Lupita Leyva returned to her desk at a Boyle Heights library to find artifacts from the pre-pandemic times: old fliers, 2020 census stickers, and other desktop items she left hurriedly when COVID-19 shut down libraries.
(Mel Melcon / Los Angeles Times)

Returning to the office means returning to things left untouched for months. That might include the office fridge, or leftovers that have become science experiments on the desk.

Emmett Shoemaker, an administrator at a West Los Angeles university he prefers not to publicly name, returned to work in late April, chastened by an experience he had while popping in to pick up some diplomas in the fall.

He opened his desk drawer to find a perfectly preserved apple — that is, until he picked it up and realized that in the cool darkness it had fermented to juice inside its skin. Now that he’s back at the office, he’s not touching the year-old food in the fridge. “I’m not going to explore those items because they’re not mine.”

With co-workers returning slowly last month, it was quiet with little “hygiene theater” by colleagues showing off how concerned they are about exposing others to virus particles on surfaces — a less likely conduit of COVID-19 infection.

Sitting at his desk, he admits, was a “surreal” experience. “I feel like we’ve all kind of experienced the strange elasticity of time. I just sort of immediately felt as if I was there a week ago. And, of course, it’s been over a year right now,” he said.

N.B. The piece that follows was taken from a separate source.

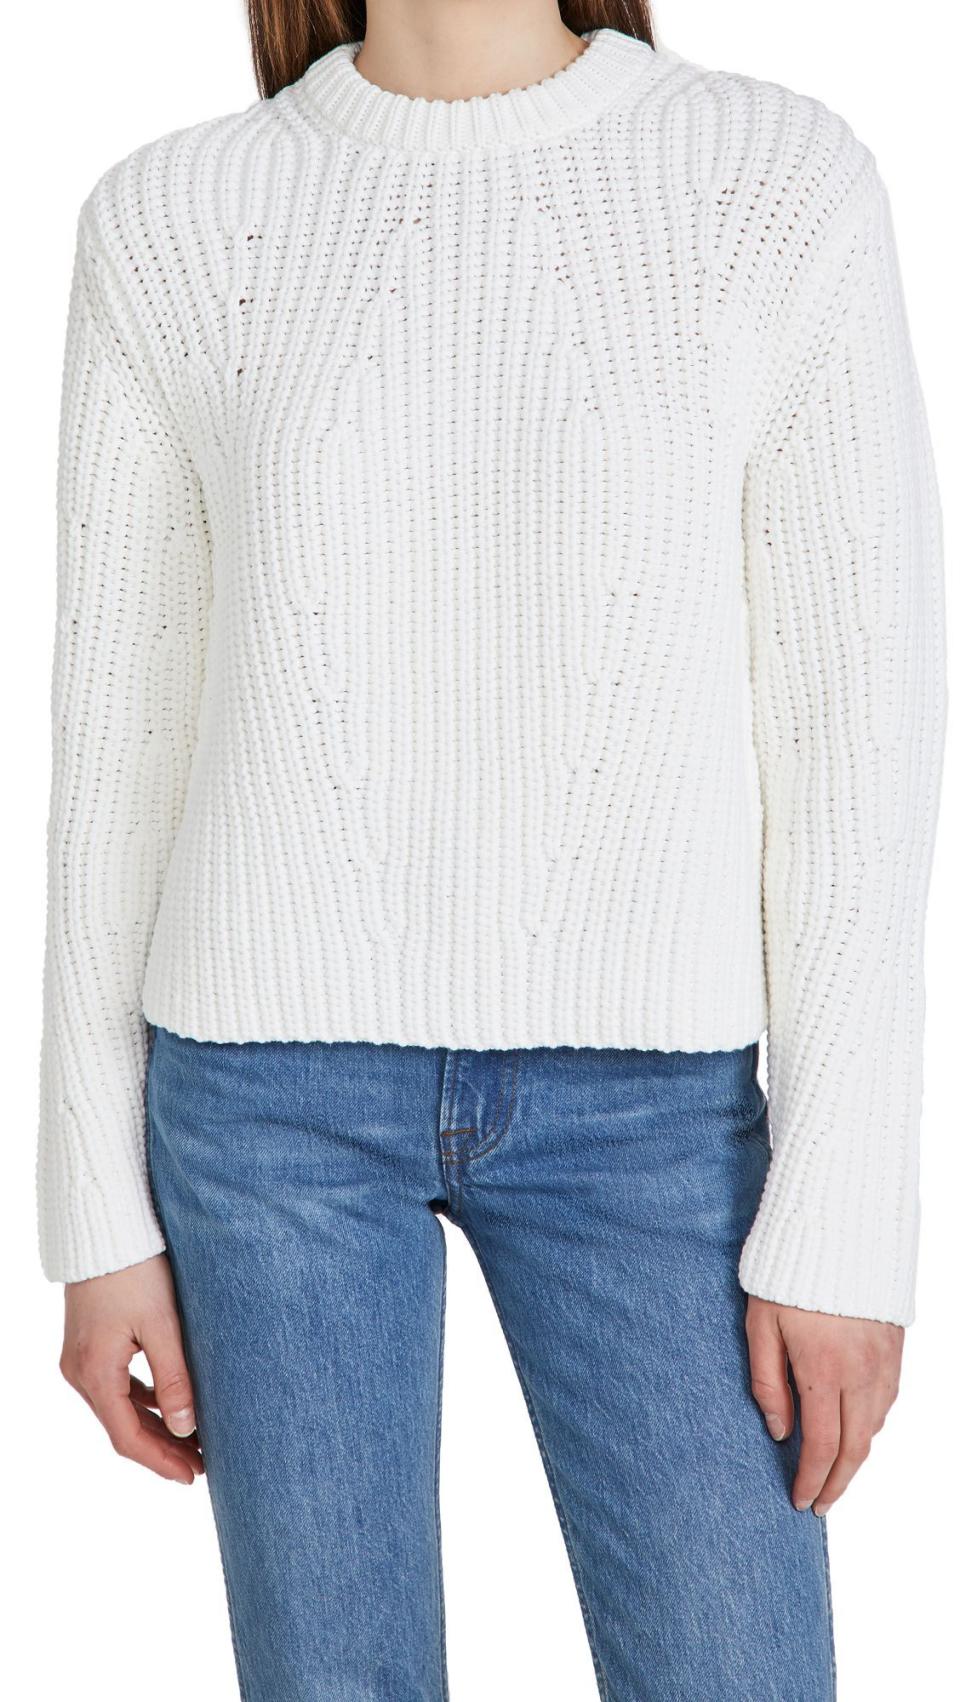 13) Vince Mirrored Rib Pullover Sweater
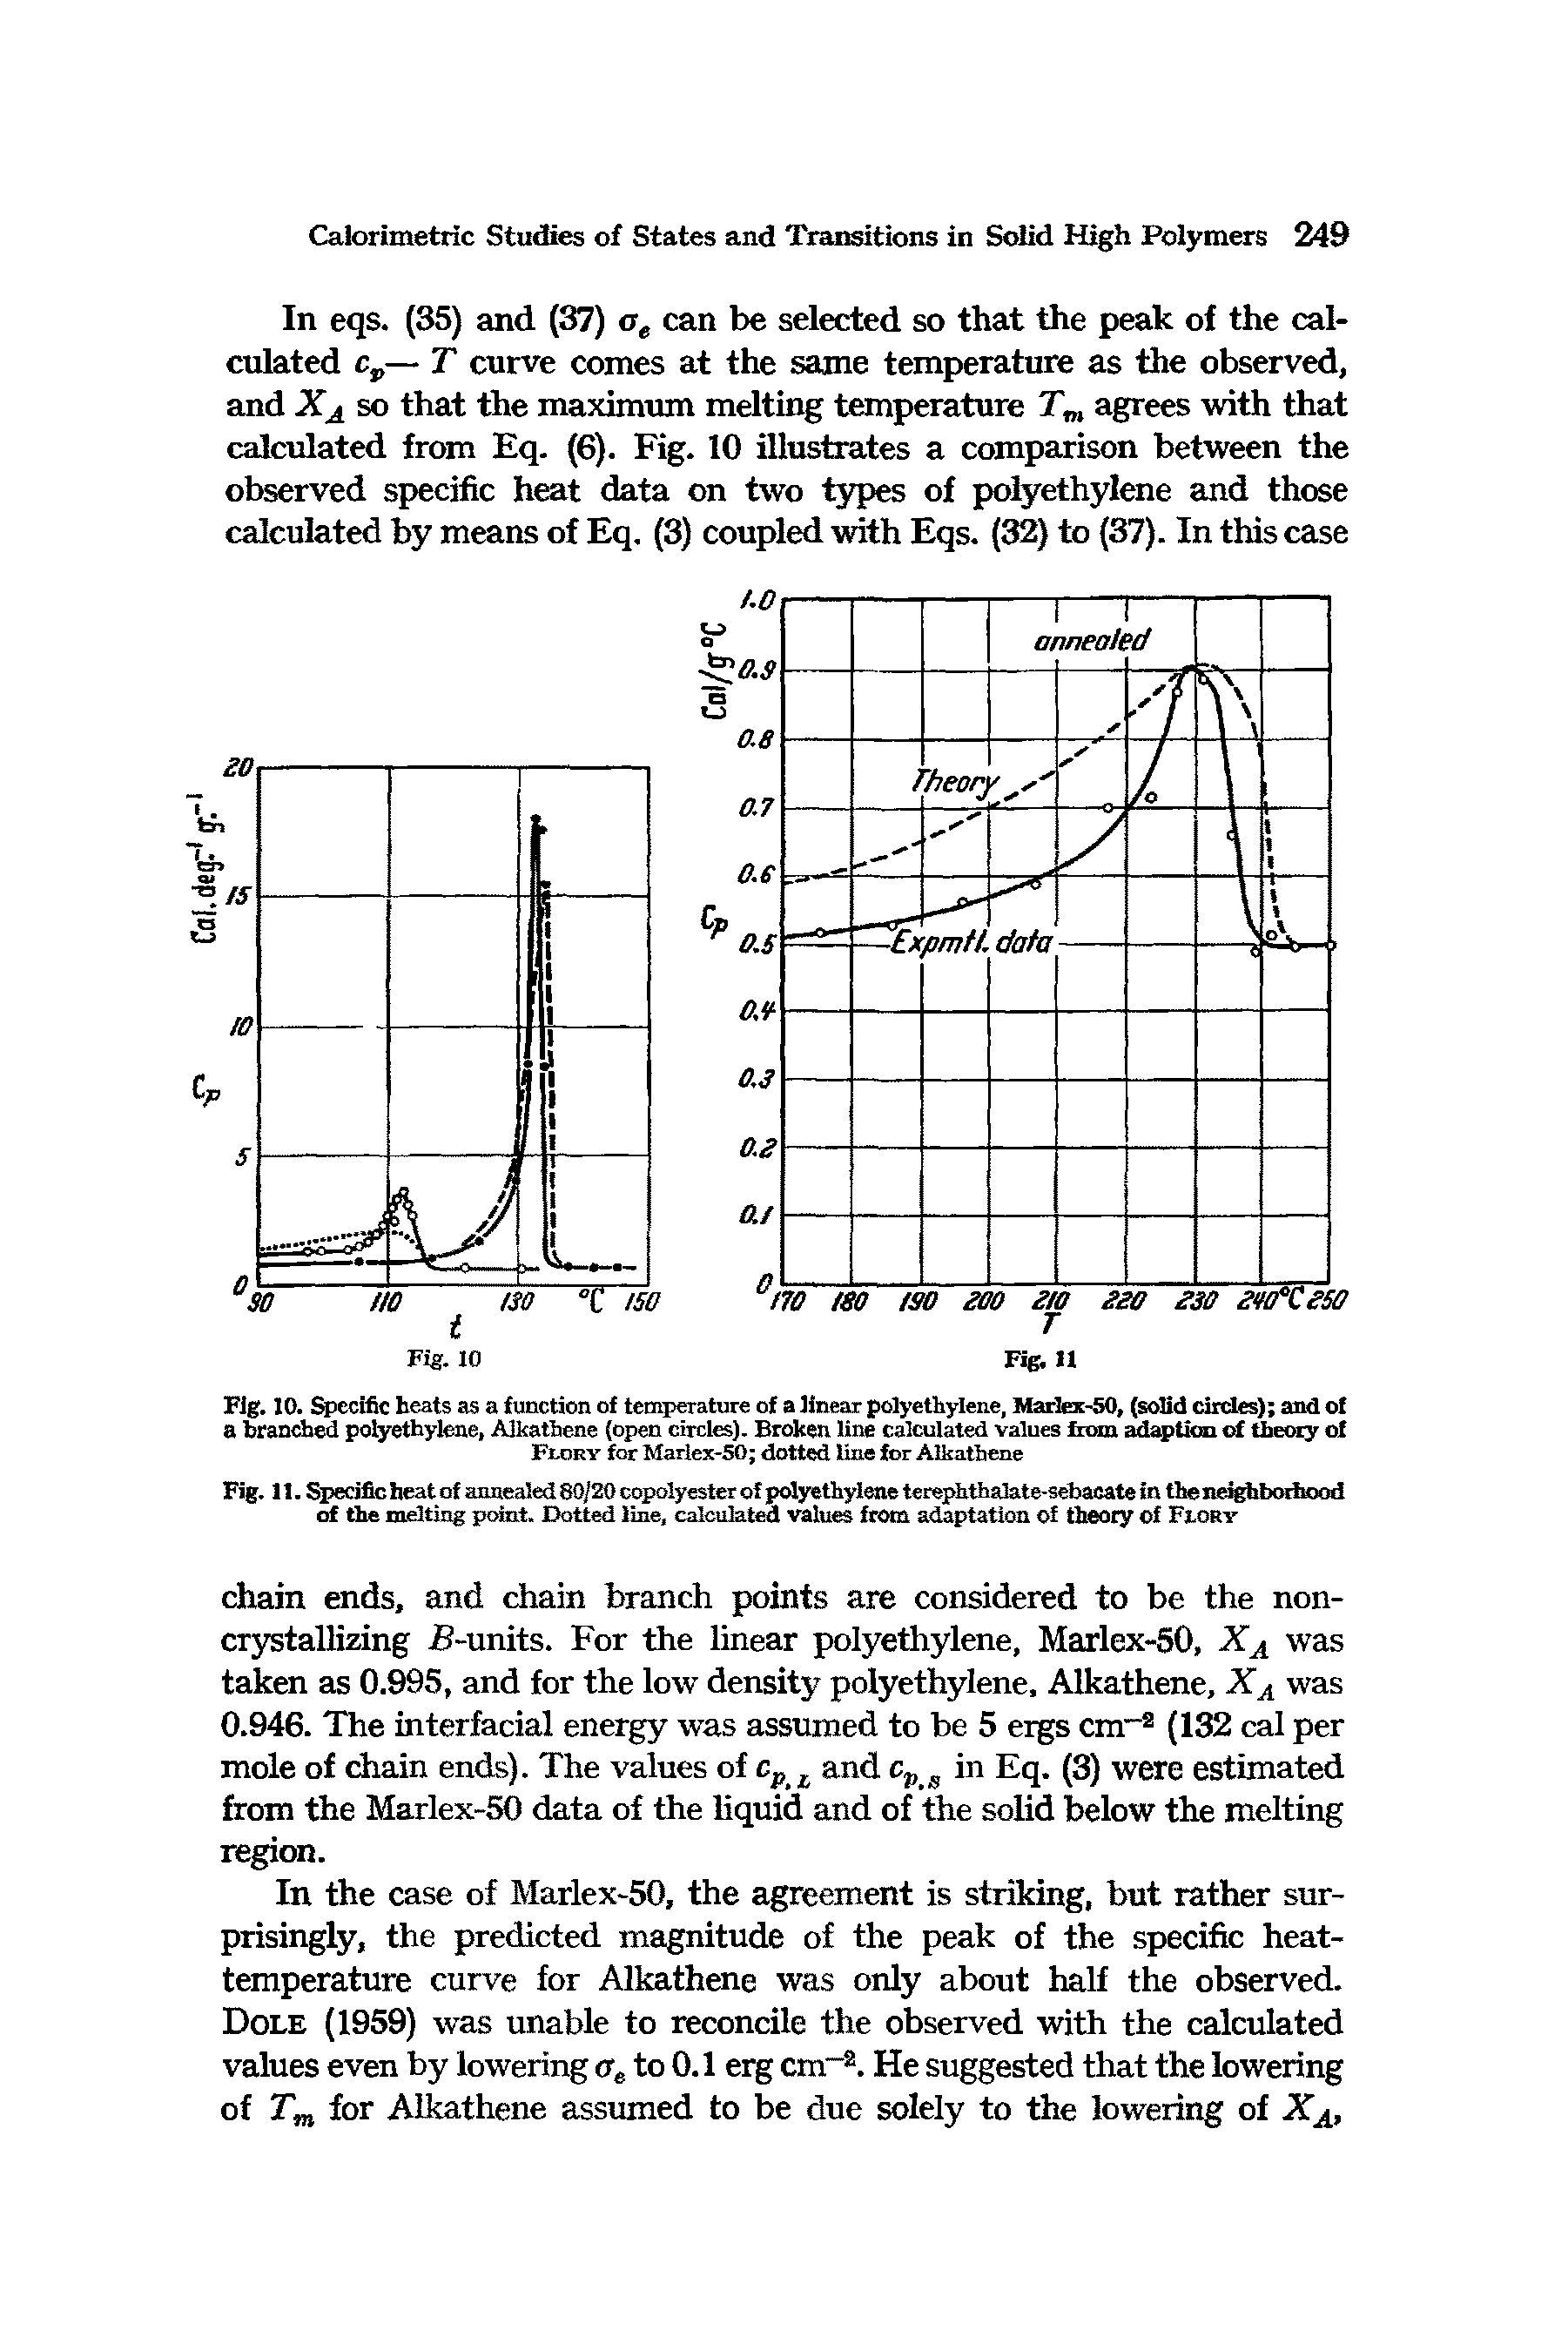 Fig. 11. Specific heat of annealed80/20 copolyester of polyethylene terephthalate-sebacate in the neighborhood of the melting point. Dotted line, calculated values from adaptation of theory of Feory...

Of course, things are different.

Leyva said there have been some changes at her library branch, including translucent barriers at the service desk, medical-grade keyboards that can be disinfected, and socially distanced desks. The library also is limiting the number of patrons inside, while services such as story hour have not resumed.

“It’s bittersweet,” she said. “It’s sort of a roller coaster of emotions.”

Most people say they aren’t ready to give up working from home. Some bosses are looking at a hybrid model. Others are eager to bring workers back.